### PROVIDED MATERIAL
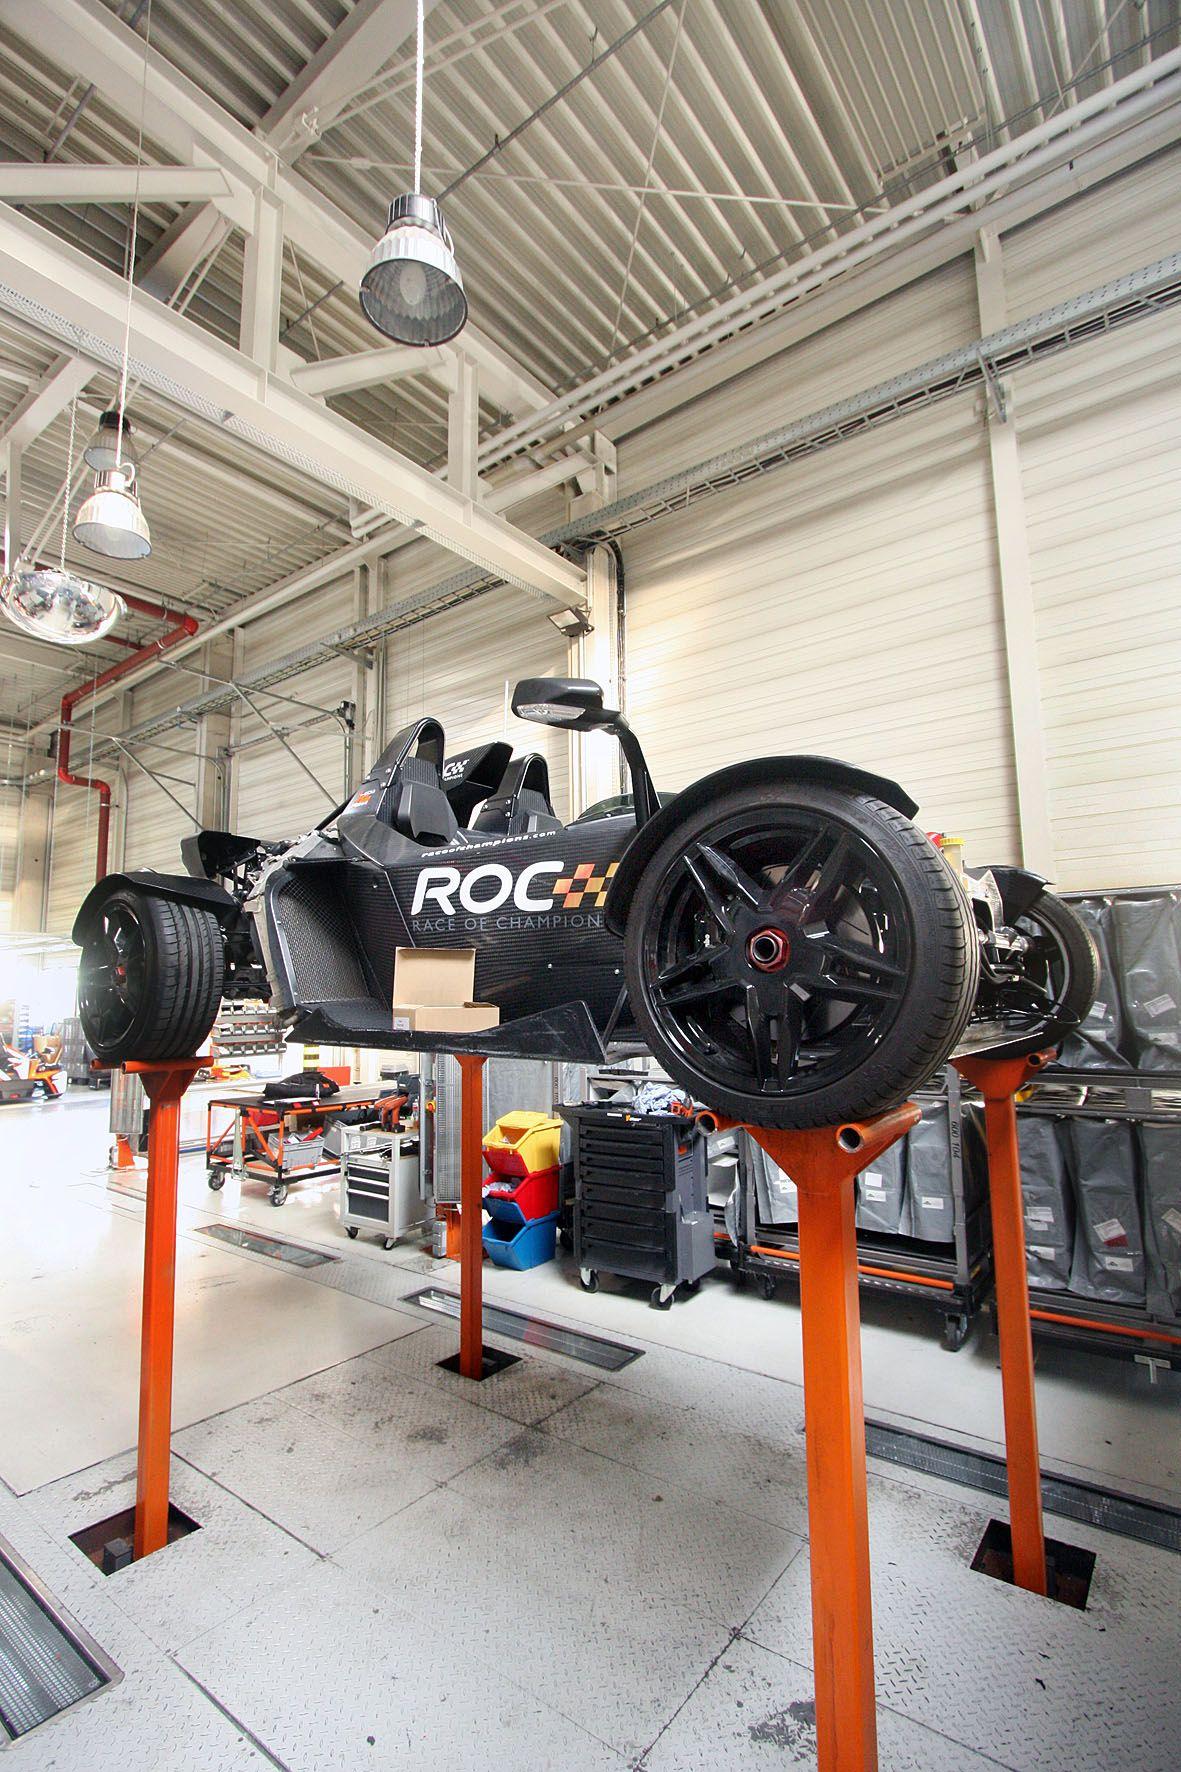 KTM X-Bow protagonista della Race of Champions
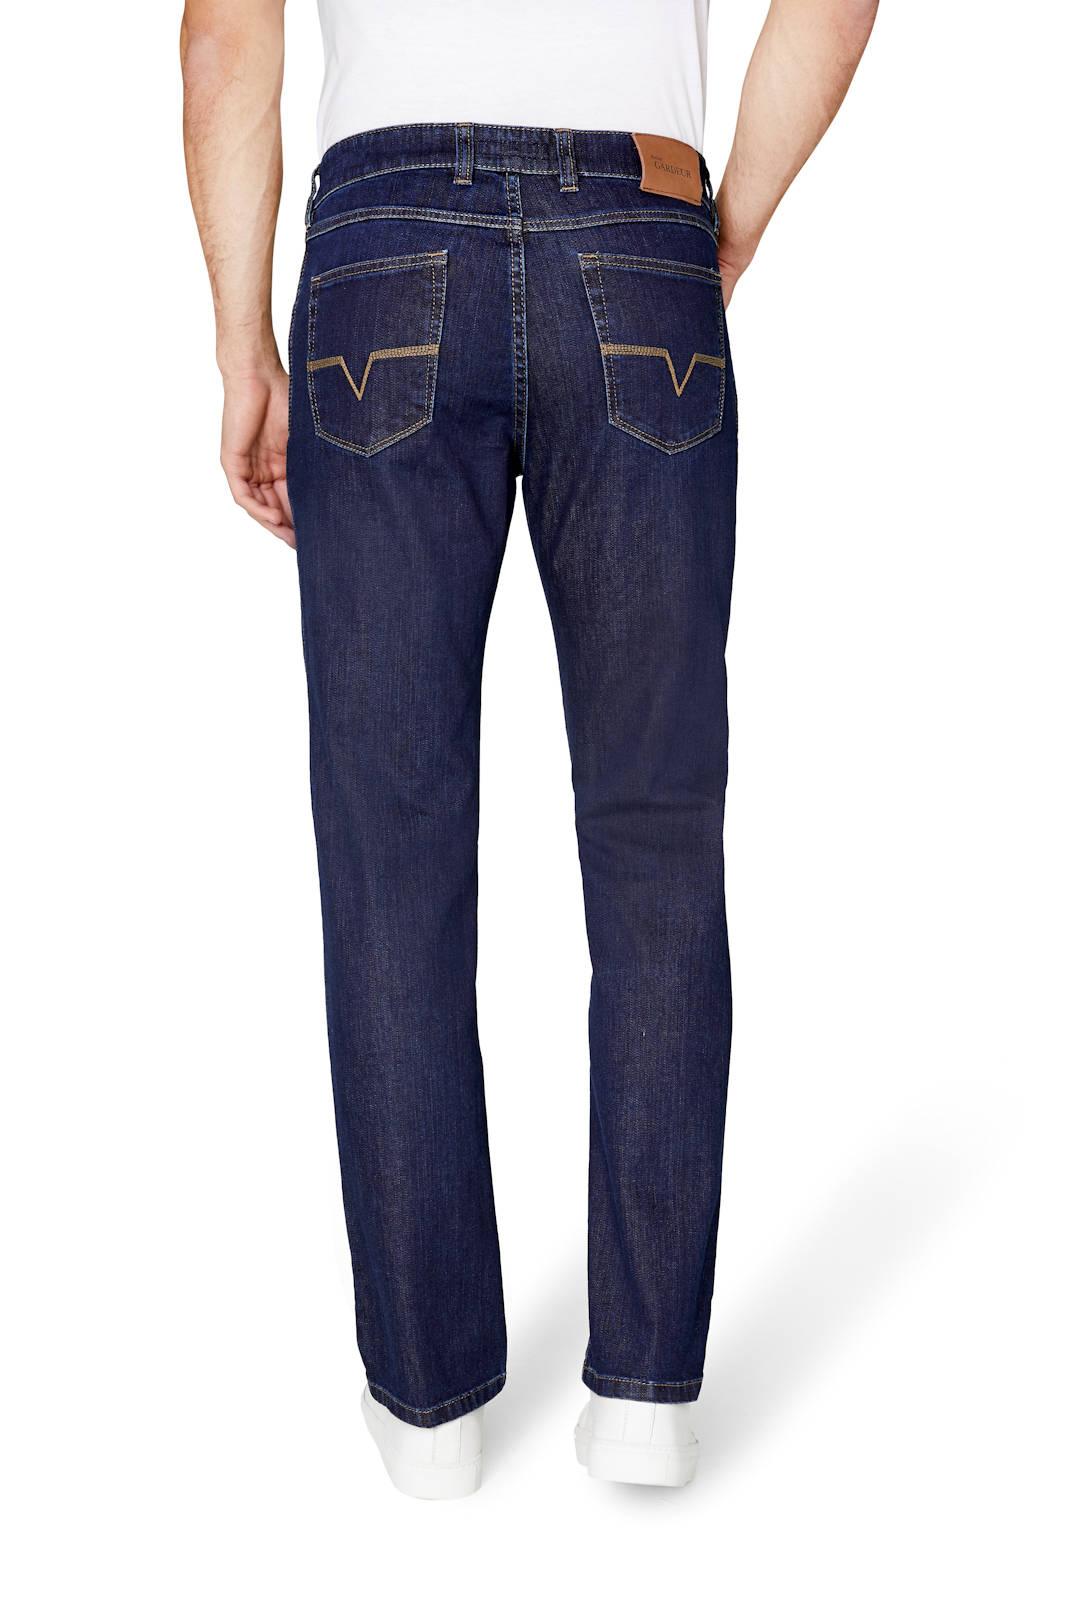 Atelier-GARDEUR-Jeans-NEVIO-11-Regular-Fit-Herren-Hose-Straight-Leg-Denim-NEU Indexbild 12
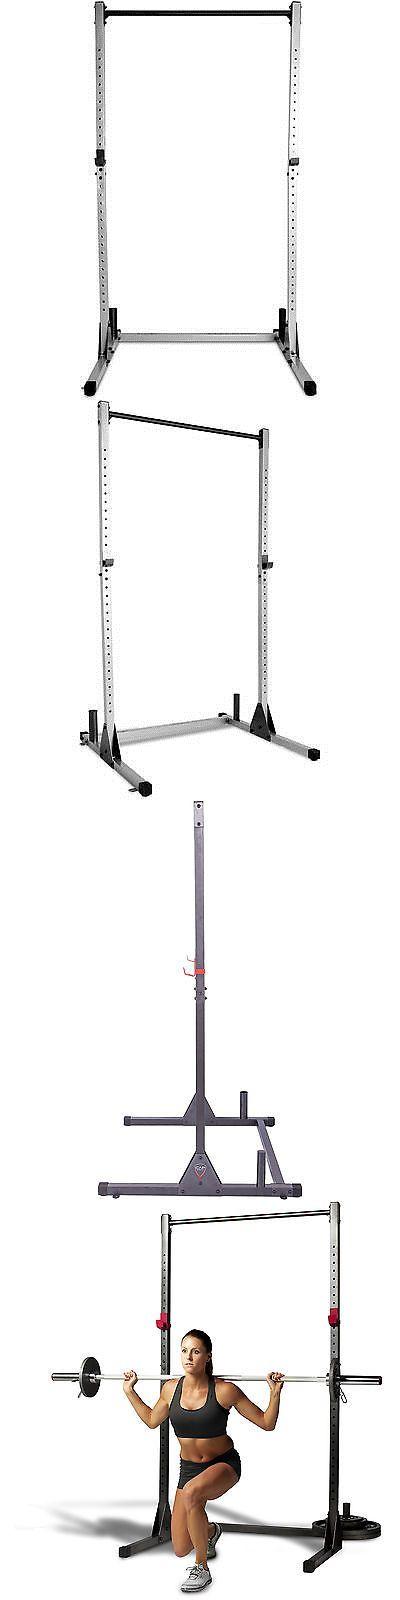 17 Best Ideas About Power Rack On Pinterest Homemade Gym

### TASK STATEMENT
Output all data exactly, omitting images.

### YOUR SOLUTION
 KTM X-Bow protagonista della Race of Champions
 Atelier-GARDEUR-Jeans-NEVIO-11-Regular-Fit-Herren-Hose-Straight-Leg-Denim-NEU Indexbild 12
 17 Best Ideas About Power Rack On Pinterest Homemade Gym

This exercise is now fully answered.